(SUPPLIED DATA Opens)
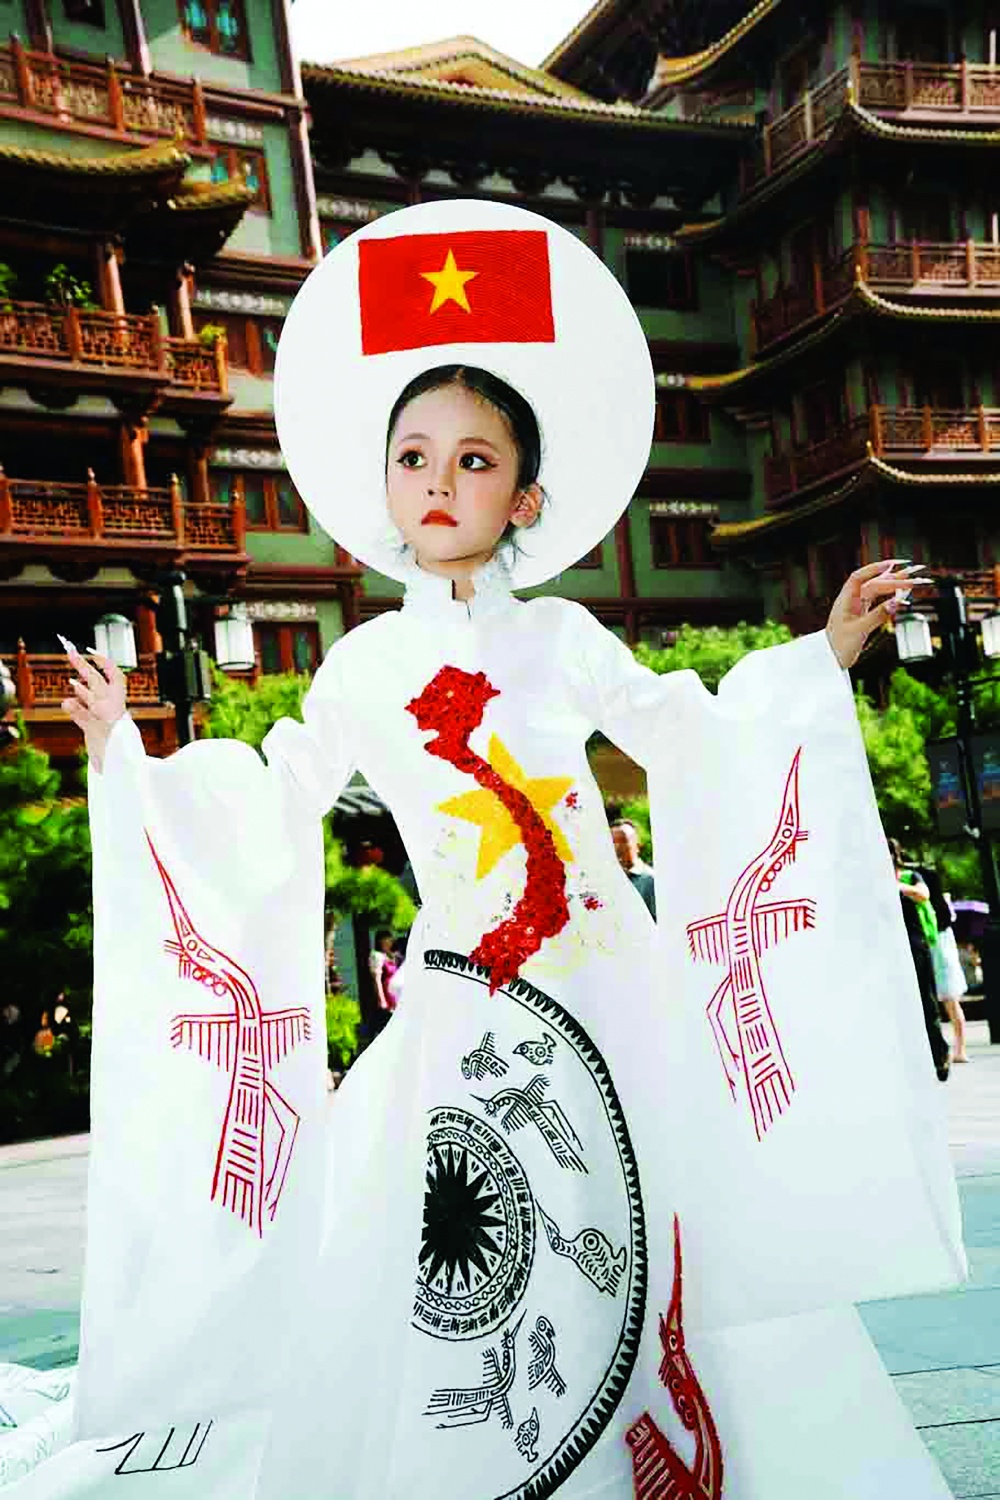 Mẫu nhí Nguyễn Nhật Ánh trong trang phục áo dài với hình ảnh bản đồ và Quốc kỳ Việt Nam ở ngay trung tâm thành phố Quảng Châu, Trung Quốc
(SUPPLIED DATA Closes)
(SUPPLIED DATA Opens)
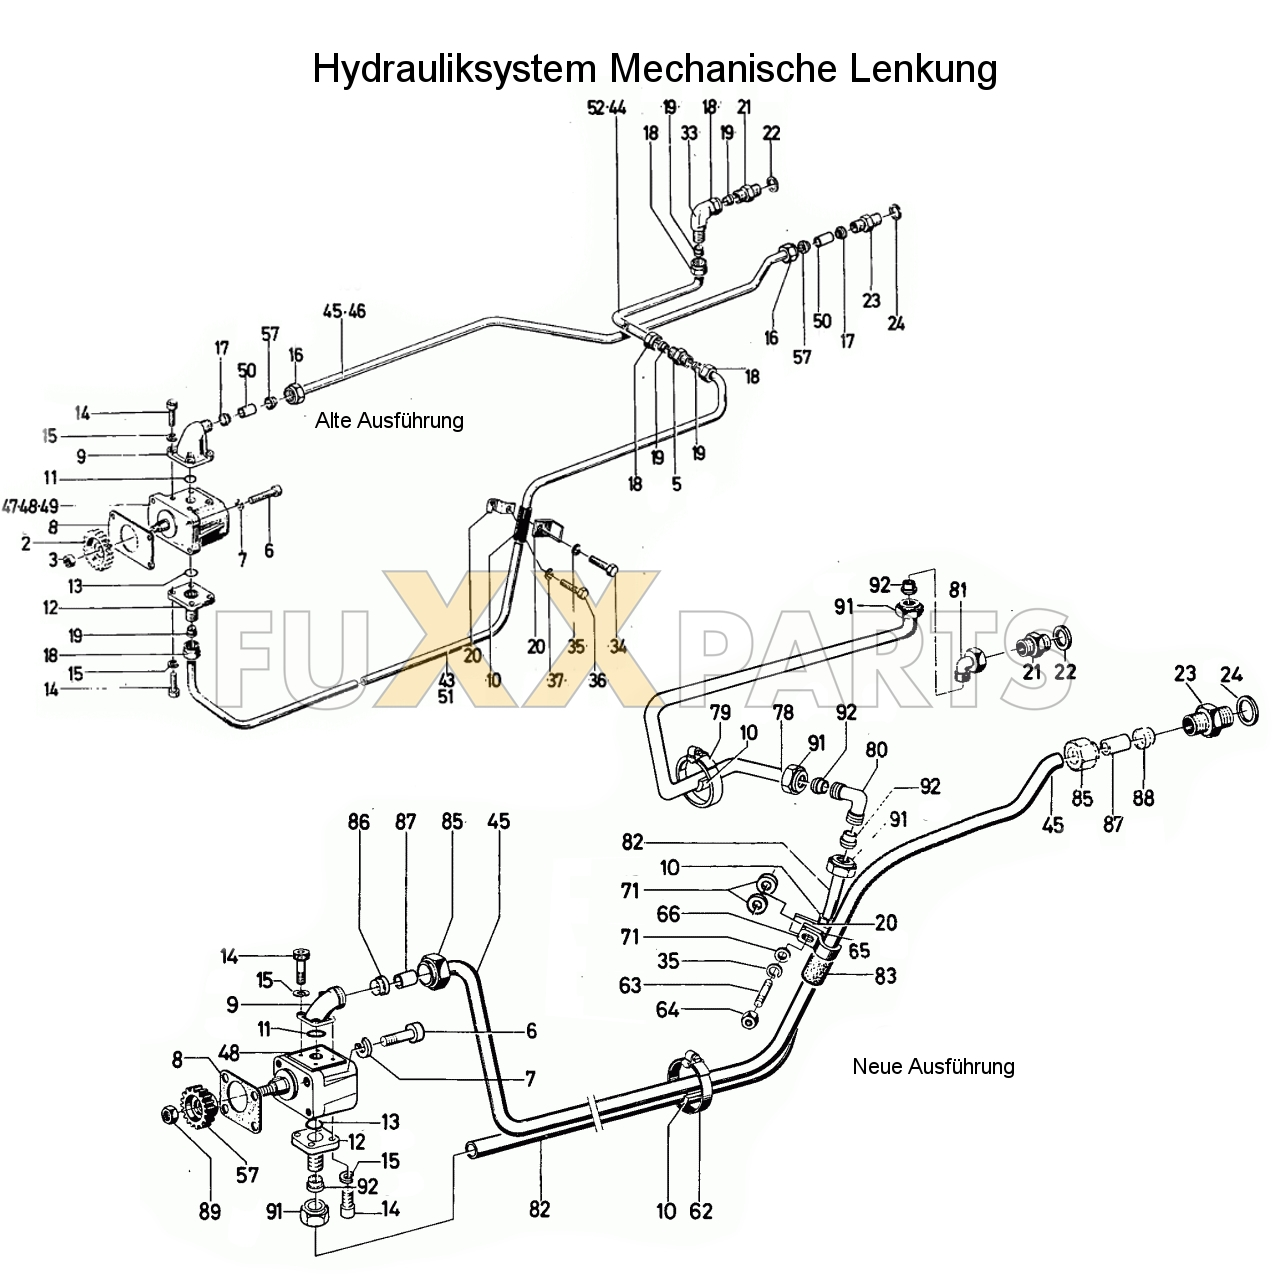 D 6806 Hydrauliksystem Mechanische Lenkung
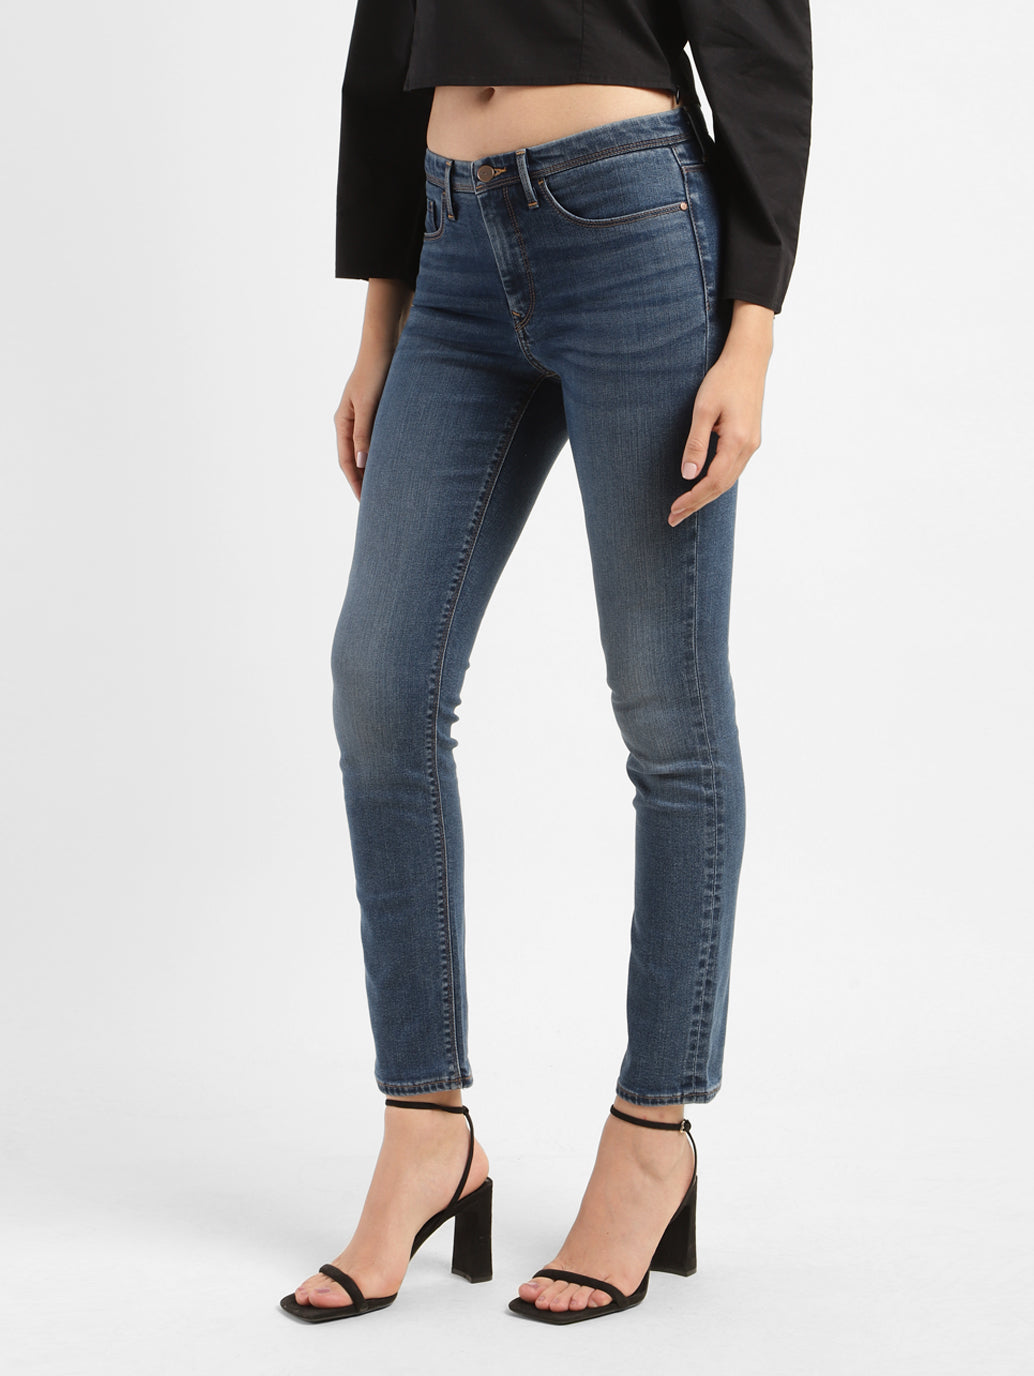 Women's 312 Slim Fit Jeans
(SUPPLIED DATA Closes)
◆ EXERCISE DIRECTIONS ◆
Using the records above, print exactly the run of lines that starts with the line with "D 6806 Hydrauliksystem Mechanische Lenkung" and goes on through the line with "Women's 312 Slim Fit Jeans", pictures excluded.

◆ RESPONSE FOR THIS EXERCISE ◆
 D 6806 Hydrauliksystem Mechanische Lenkung
 Women's 312 Slim Fit Jeans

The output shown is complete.